What the task requires: Going line by line through the records below, write out everything starting with the line containing "Dusk, Port Appin, Argyll, Western" and going on through the line containing "Wolfsburg, Germany. 11th", exactly and inclusively. Pictures do not go in.

Task inputs:
=-=-=

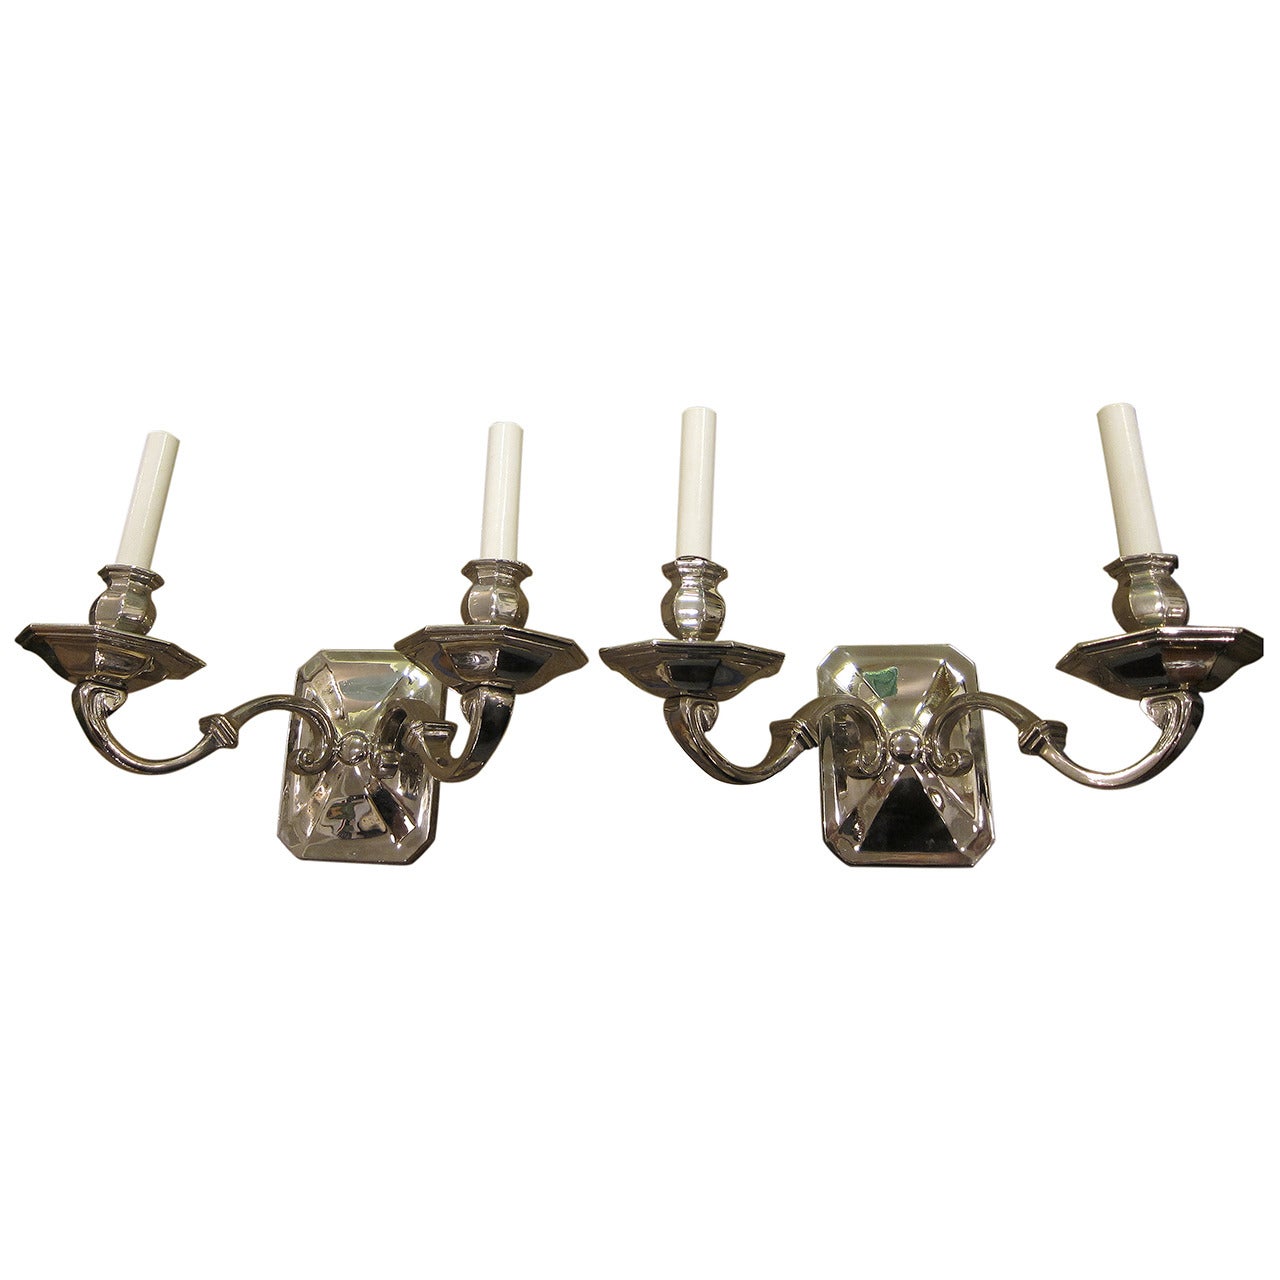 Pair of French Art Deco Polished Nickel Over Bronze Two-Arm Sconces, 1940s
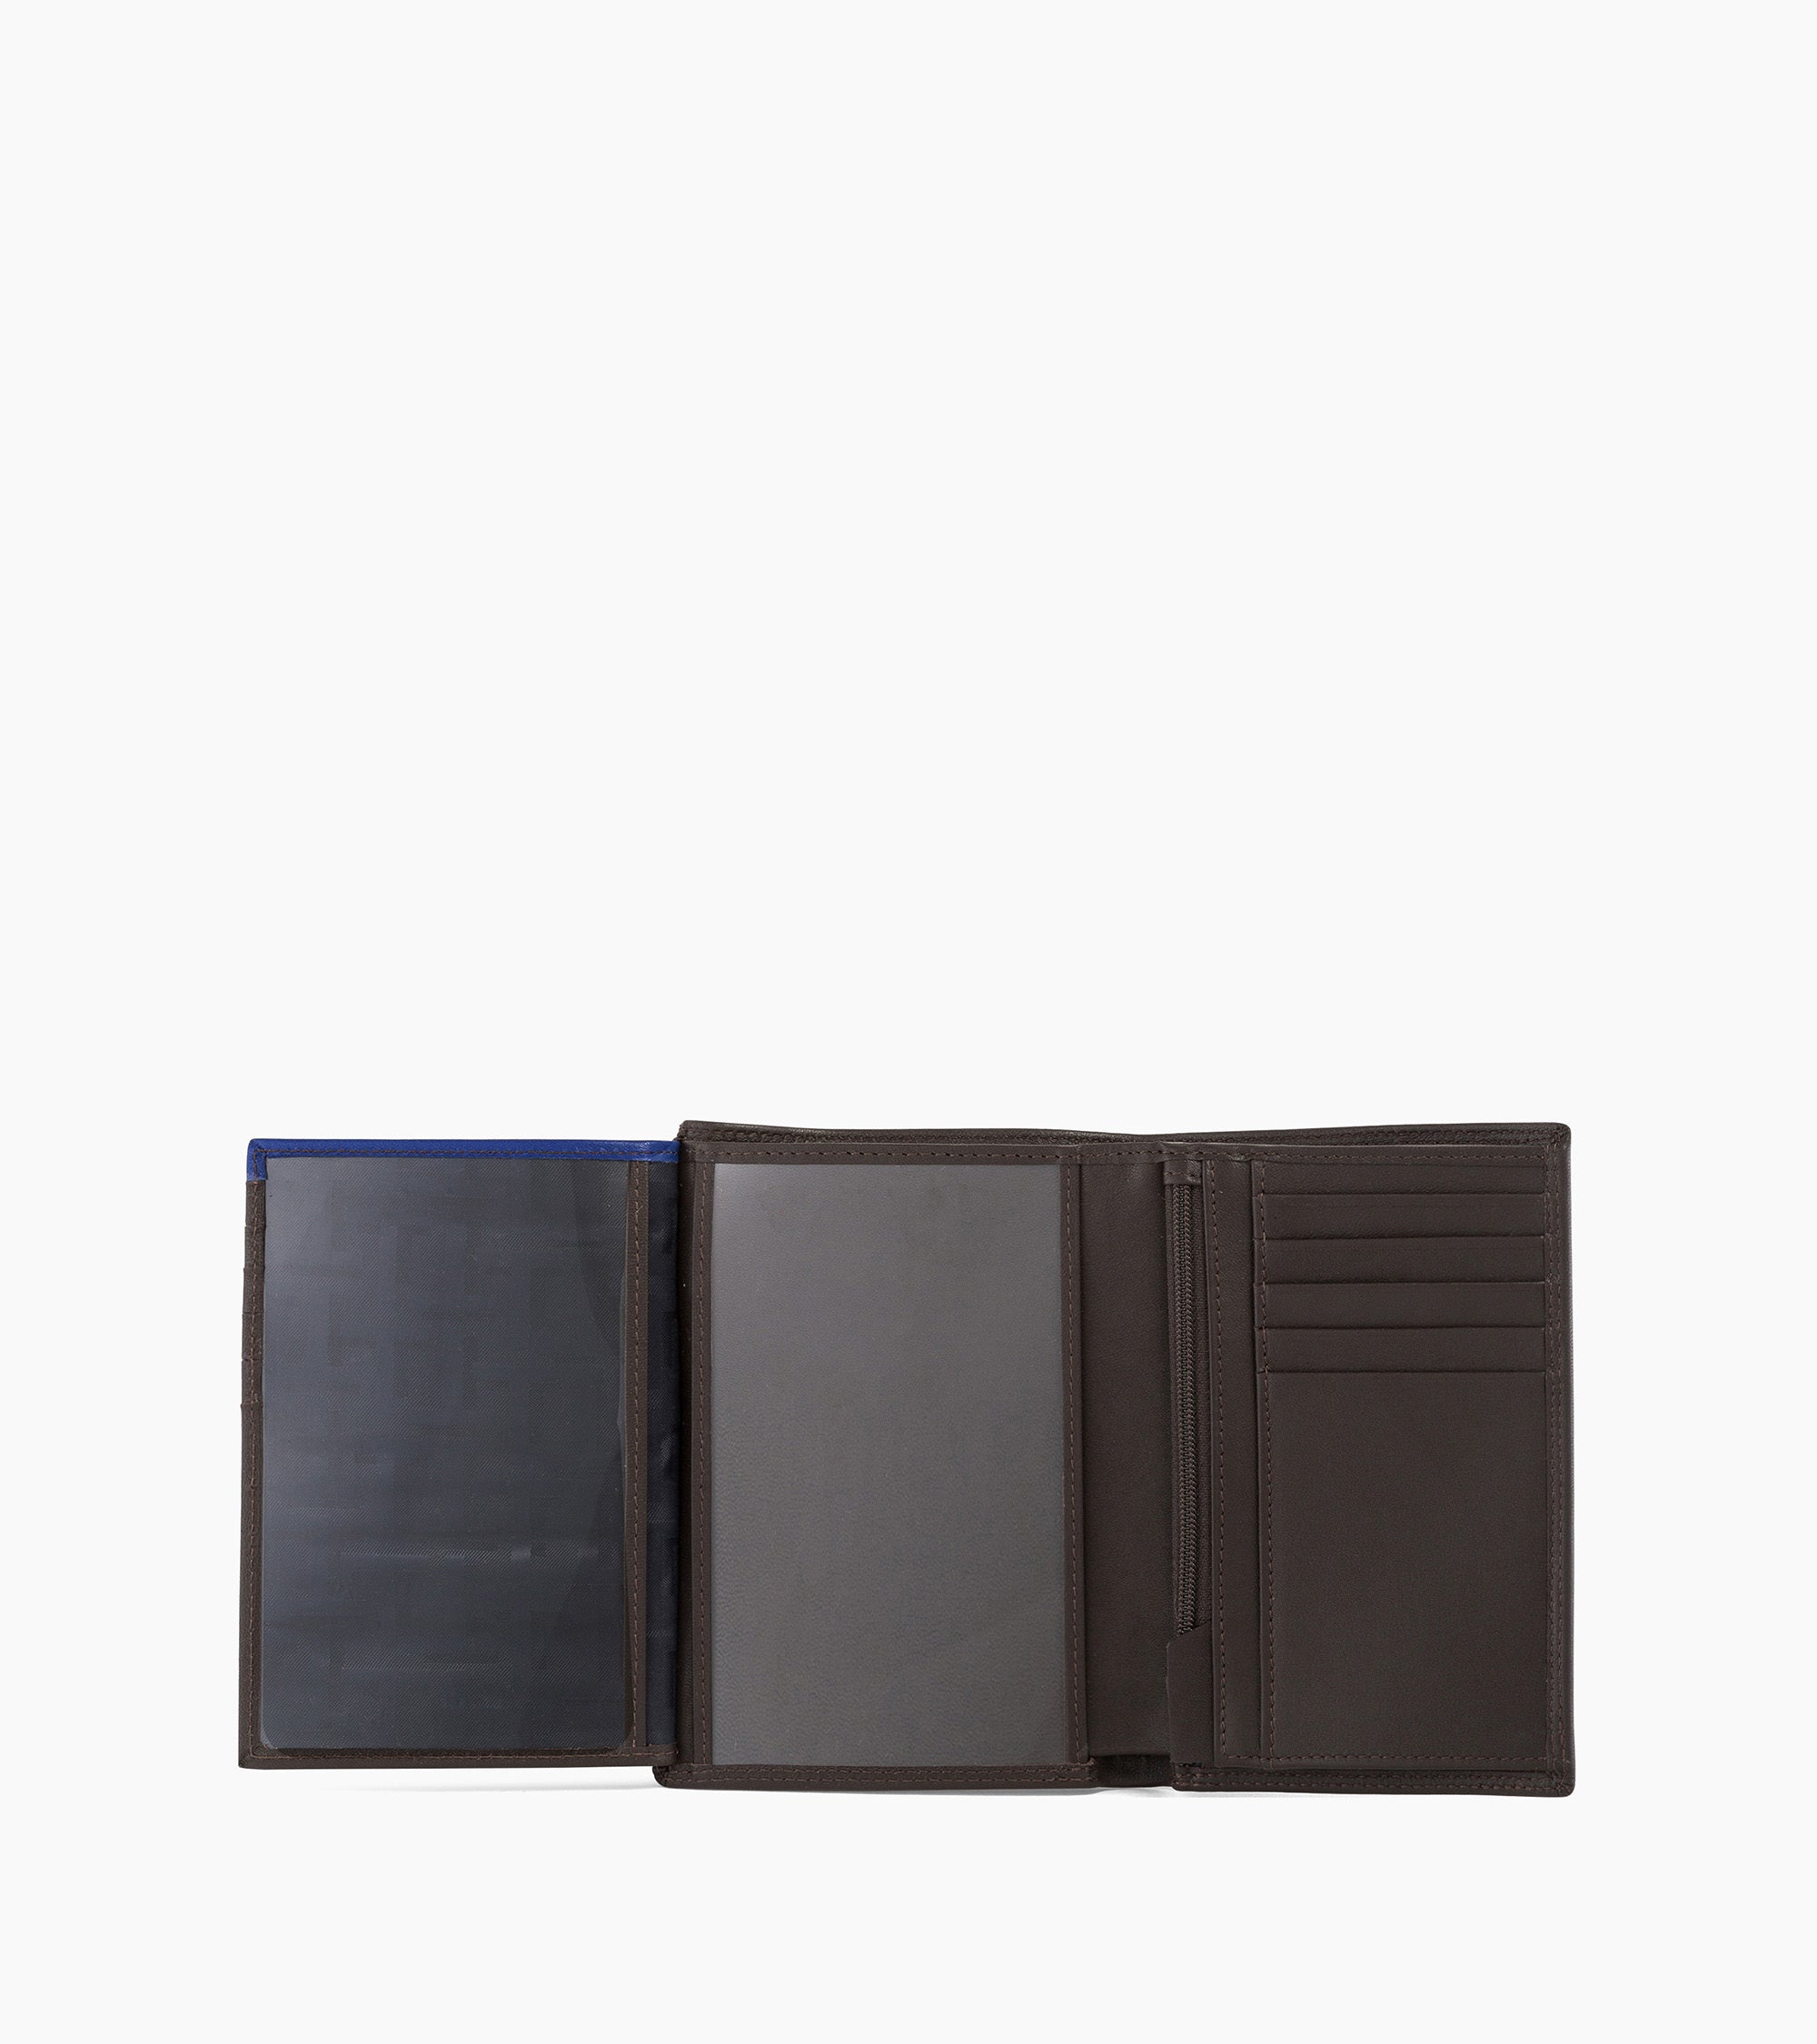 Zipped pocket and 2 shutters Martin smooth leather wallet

=-=-=

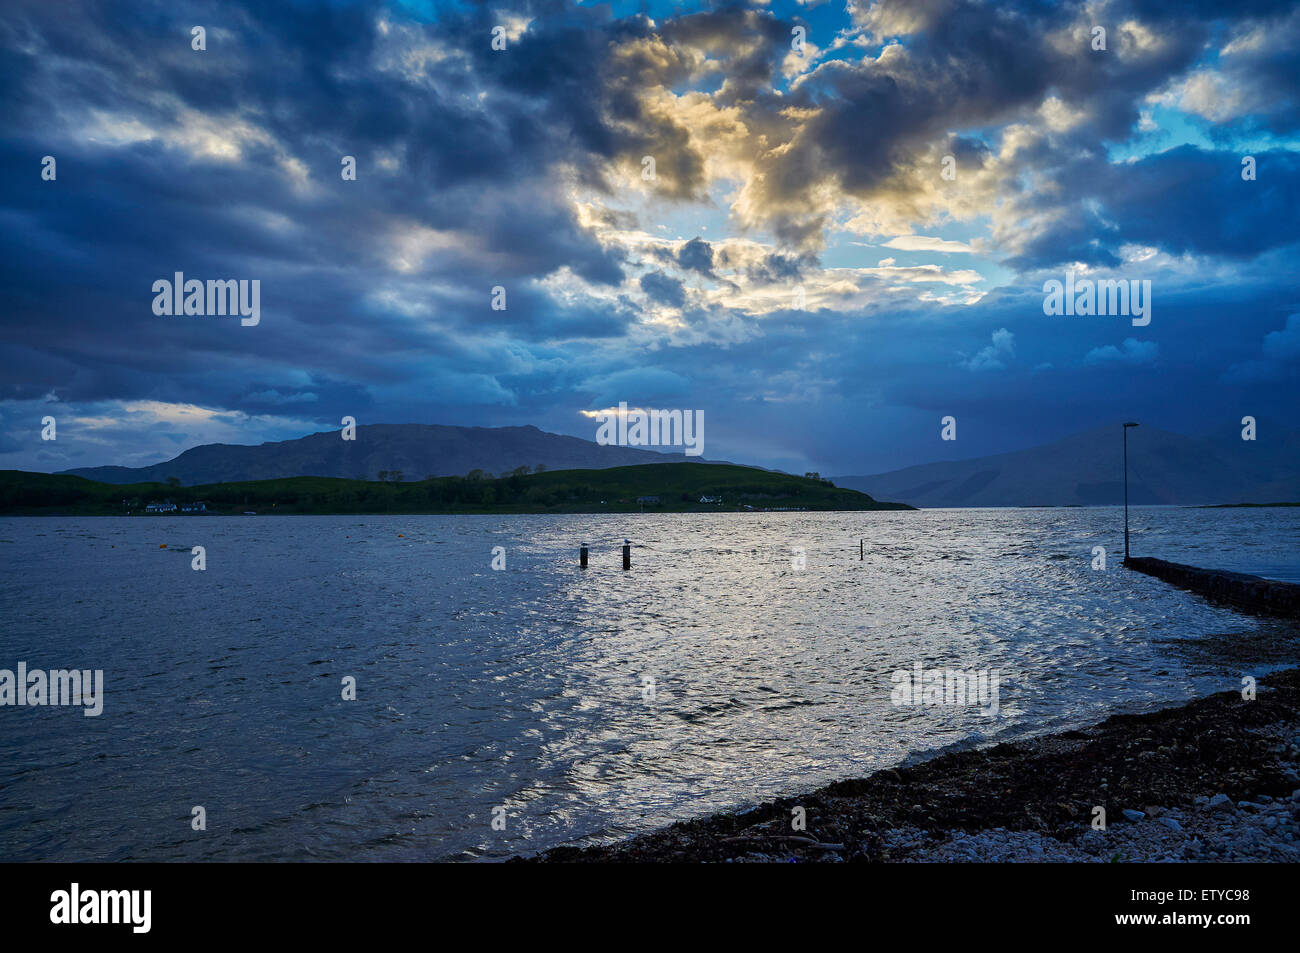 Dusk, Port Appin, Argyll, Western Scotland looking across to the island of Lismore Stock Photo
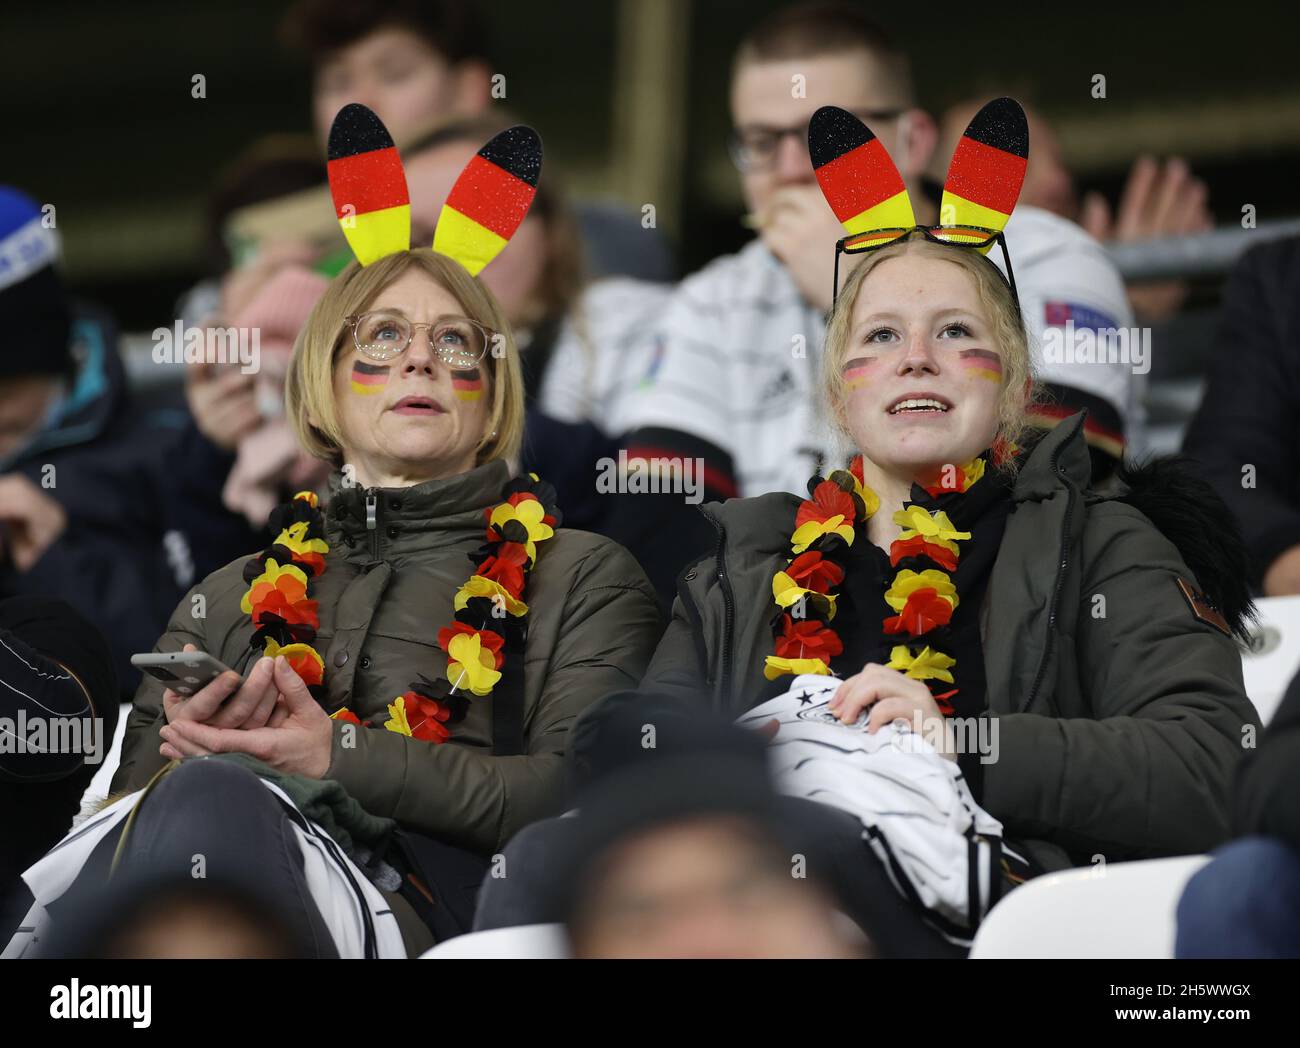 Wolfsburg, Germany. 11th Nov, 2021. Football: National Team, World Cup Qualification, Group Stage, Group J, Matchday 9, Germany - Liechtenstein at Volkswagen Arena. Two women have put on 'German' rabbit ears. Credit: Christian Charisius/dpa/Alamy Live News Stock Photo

=-=-=

Expected output:
 Dusk, Port Appin, Argyll, Western Scotland looking across to the island of Lismore Stock Photo
 Wolfsburg, Germany. 11th Nov, 2021. Football: National Team, World Cup Qualification, Group Stage, Group J, Matchday 9, Germany - Liechtenstein at Volkswagen Arena. Two women have put on 'German' rabbit ears. Credit: Christian Charisius/dpa/Alamy Live News Stock Photo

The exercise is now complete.